Habe die Datei Runtergeladen, Die nun auf nen Stick und was genau muss ich im Bios ändern?

Die Datei habe ich geladen http://www.giga-byte...?ProductID=3272


Und wenn ich Starte den PC kann ich Q-Flash auswählen.. Denke mal das ist um das Bios zu updaten oder, Muss da ein Laufwerk auswählen oder so. Bloß mein Englisch ist schlecht ^^


Noch angemerkt, habe bei 3d Mark 14300 Punkte zirka gemacht. Also denke ich mal das Das Bios in Ordnung ist oder?... Hmmm, Hab echt keine Ahnung von so was hehe!!


----------



## Crucial² (15. April 2010)

Grade bei Hardwareversand angerufen: Ein Techniker kümmert sich gerade um den PC. Hab dann extra verordnet, er soll doch bitte diesen Techniker daran erinnern den PC auch zu testen! Er meinte "Das wird Grundsätzlich so gemacht".... Letztendlich hat er mir dann gesagt er ruft den Kollegen an, und erinnert ihn nochmal 


			Dieser Inhalt steht nur eingeloggten Mitgliedern zur Verfügung.
        

 Bezweifle aber, ob das wirklich geschieht! oO

Außerdem wird der PC heute das Haus verlassen: Wenn sie ihn per Post schicken bekomm ich ihn am Samstag, wenn per UPS dann am Montag.

Daumen drücken, bitte. 


			Dieser Inhalt steht nur eingeloggten Mitgliedern zur Verfügung.


----------



## Nordwolf1980 (15. April 2010)

Ja drück dir die Daumen...

PS: Kann mir einer was nun zum Bios sagen ? ^^


----------



## Klos1 (15. April 2010)

Ins Bios gehen und mit F8 Q-Flash starten. Der USB-Stick sollte da bereits stecken. Akzeptiert wird FAT32 oder FAT16 als Format, also das Format, mit dem der USB-Stick formatiert wurde, bevor dann das Bios-File drauf kommt.
Nachdem du F8 gedrückt hast bist du direkt im Update-Menü. Hier solltest du jetzt das File auf dem Stick auswählen können. Dann einfach Enter und es geht los. Während des Flashvorgangs nichts anrühren. Wenn er fertig ist aus dem Menü rausgehen und im Bios "load optimized Defaults" wählen und gut ist.


----------



## Nordwolf1980 (15. April 2010)

Das war ja Leicht hehe... 

Danke dir hat geklappt... Aber unter, MSI Live Update steht immer noch Unbekannt bei BIOS Version. Dann liegt das am Programm :-)


----------



## Klos1 (15. April 2010)

Was denn überhaupt für ein MSI-Live-Update? Du hast doch keine MSI-Platine. Was willst du da updaten und wo hast du das Programm her?


----------



## Nordwolf1980 (15. April 2010)

war auf der Treiber CD dabei.. Die im Karton vom Mainboard war..... Hmm jetzt wo du es sagst, Merk ich das auch das ich nichts von MSI habe, Außer Die Grafikkarte ^^

naja irgendwas muss es ja gebracht haben...
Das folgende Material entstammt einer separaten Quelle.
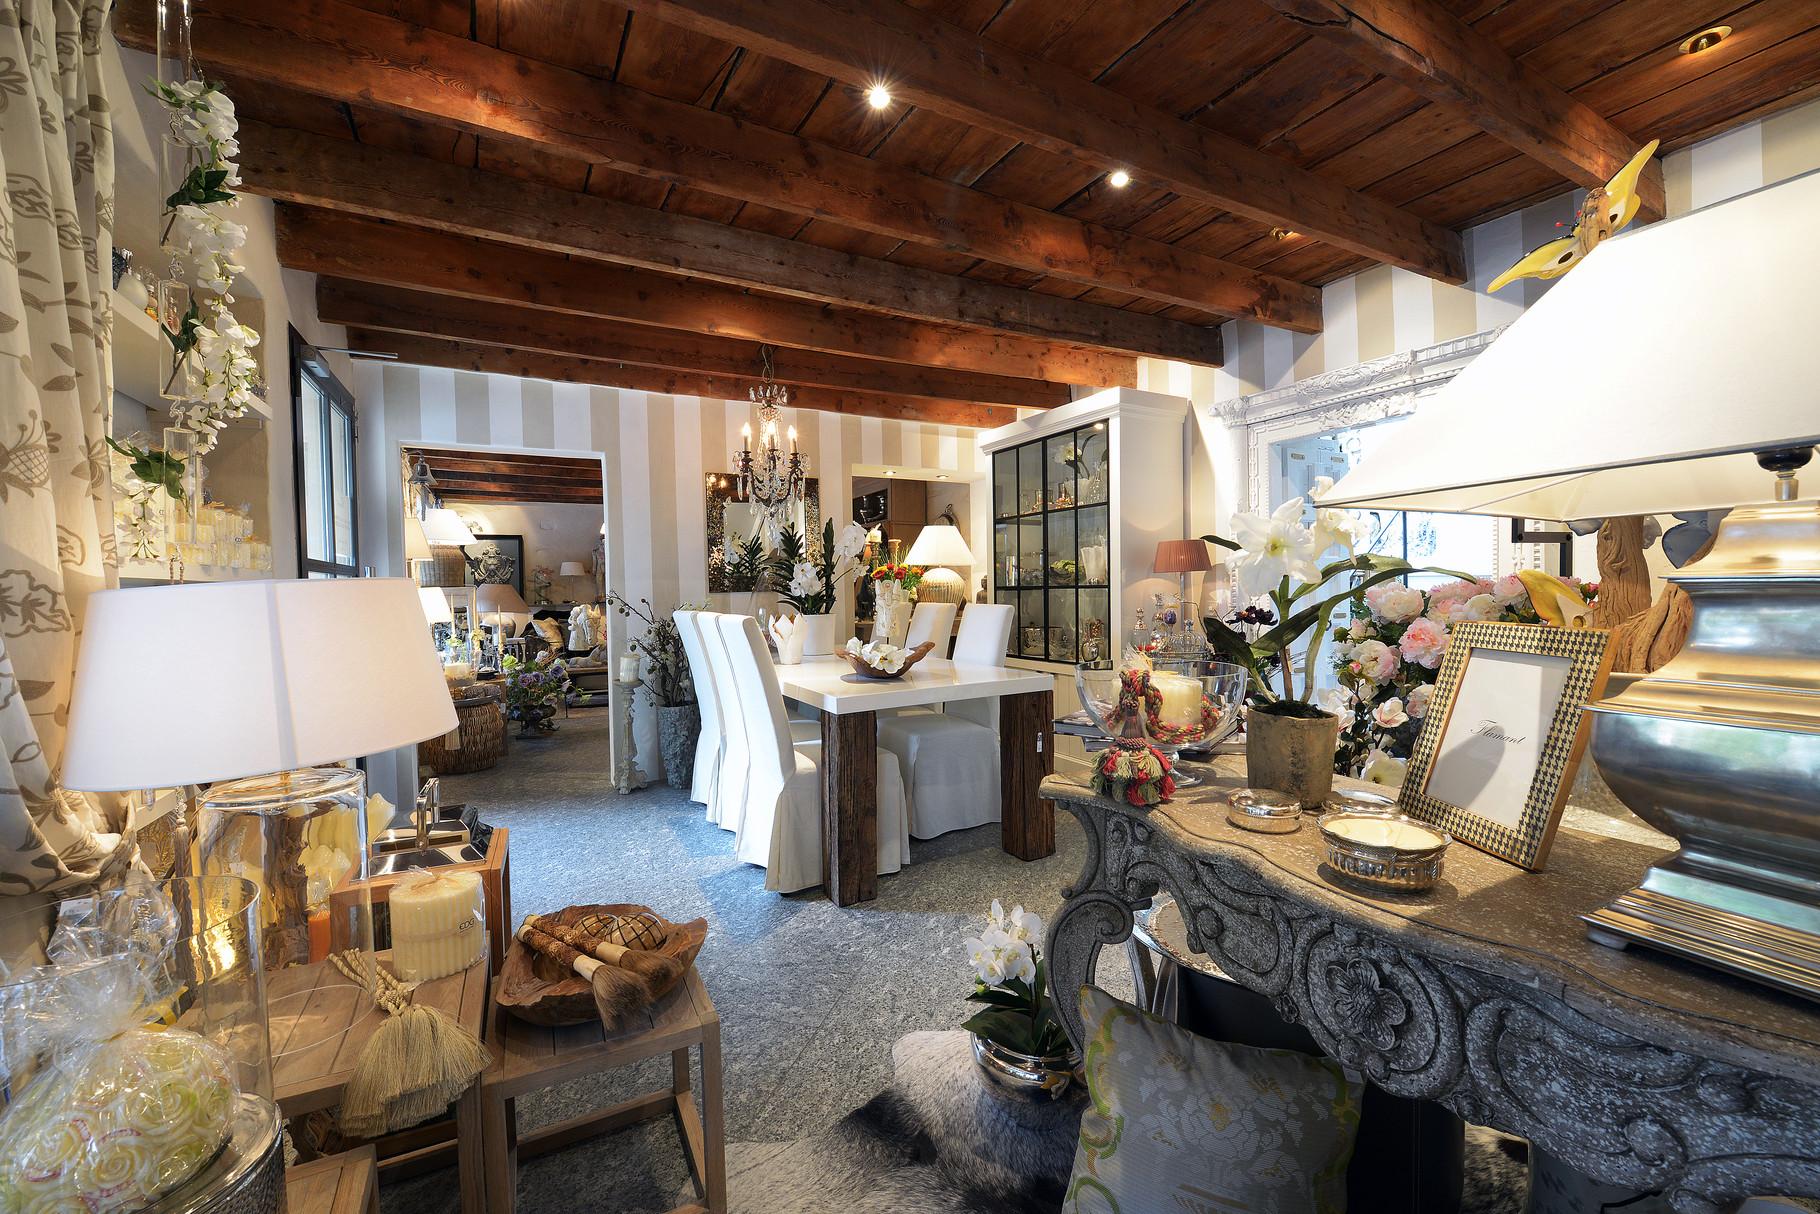 100 Flamant Home Interiors New Flamant Concept

[IMG=http://img718.imageshack.us/img718/4977/test3f.png][/IMG]


Fast 1300 Punkte mehr als Gestern :-)


----------



## Nordwolf1980 (15. April 2010)

war auf der Treiber CD dabei.. Die im Karton vom Mainboard war..... Hmm jetzt wo du es sagst, Merk ich das auch das ich nichts von MSI habe, Außer Die Grafikkarte ^^

naja irgendwas muss es ja gebracht haben...




			Dieser Inhalt steht nur eingeloggten Mitgliedern zur Verfügung.
        



Fast 1300 Punkte mehr als Gestern :-)


----------



## Klos1 (15. April 2010)

Mach den MSI-Käse wieder runter. Den brauchst du nicht. Und zuviele Prozesse, die sinnlos nach Updates suchen, braucht man auch nicht. Lieber mehr händisch machen und nicht überall irgendwelche automatischen Updates am laufen haben. 


			Dieser Inhalt steht nur eingeloggten Mitgliedern zur Verfügung.
        


Und vor allem keine Updates von Firmen, deren Produkte du schlicht nicht im Rechner hast. Die Grafikkarte braucht einen Treiber und mehr nicht. Und der kommt von Nvidia. Auf der MSI-CD ist halt dann auch der Nvidia-Treiber. Weiß der Geier, was man da sonst noch updaten kann. Am Ende ist es noch irgendein Tool zum Flashen des Bios der Grafikkarte. Bezüglich Grafikkartentreiber bietet es sich eh immer an, die beiliegende CD nicht zu verwenden und gleich den aktuellen Treiber von der Nvidia-Homepage einzuspielen.


----------



## Nordwolf1980 (15. April 2010)

ja ist okay... Habe aber eine von ATI hehe


----------



## Klos1 (16. April 2010)

Oder so


----------



## Nordwolf1980 (16. April 2010)

Hehe, Hab es Deinstalliert.

Nochmals Danke für deine Beratung und die Zeit die du dir genommen hast zum Helfen!!!


----------



## Nordwolf1980 (17. April 2010)

und ist dein PC Heute angekommen? Und läuft er ? :-)


----------



## Crucial² (17. April 2010)

Nein, kommt wohl mit UPS, und die arbeiten am Samstag nicht. 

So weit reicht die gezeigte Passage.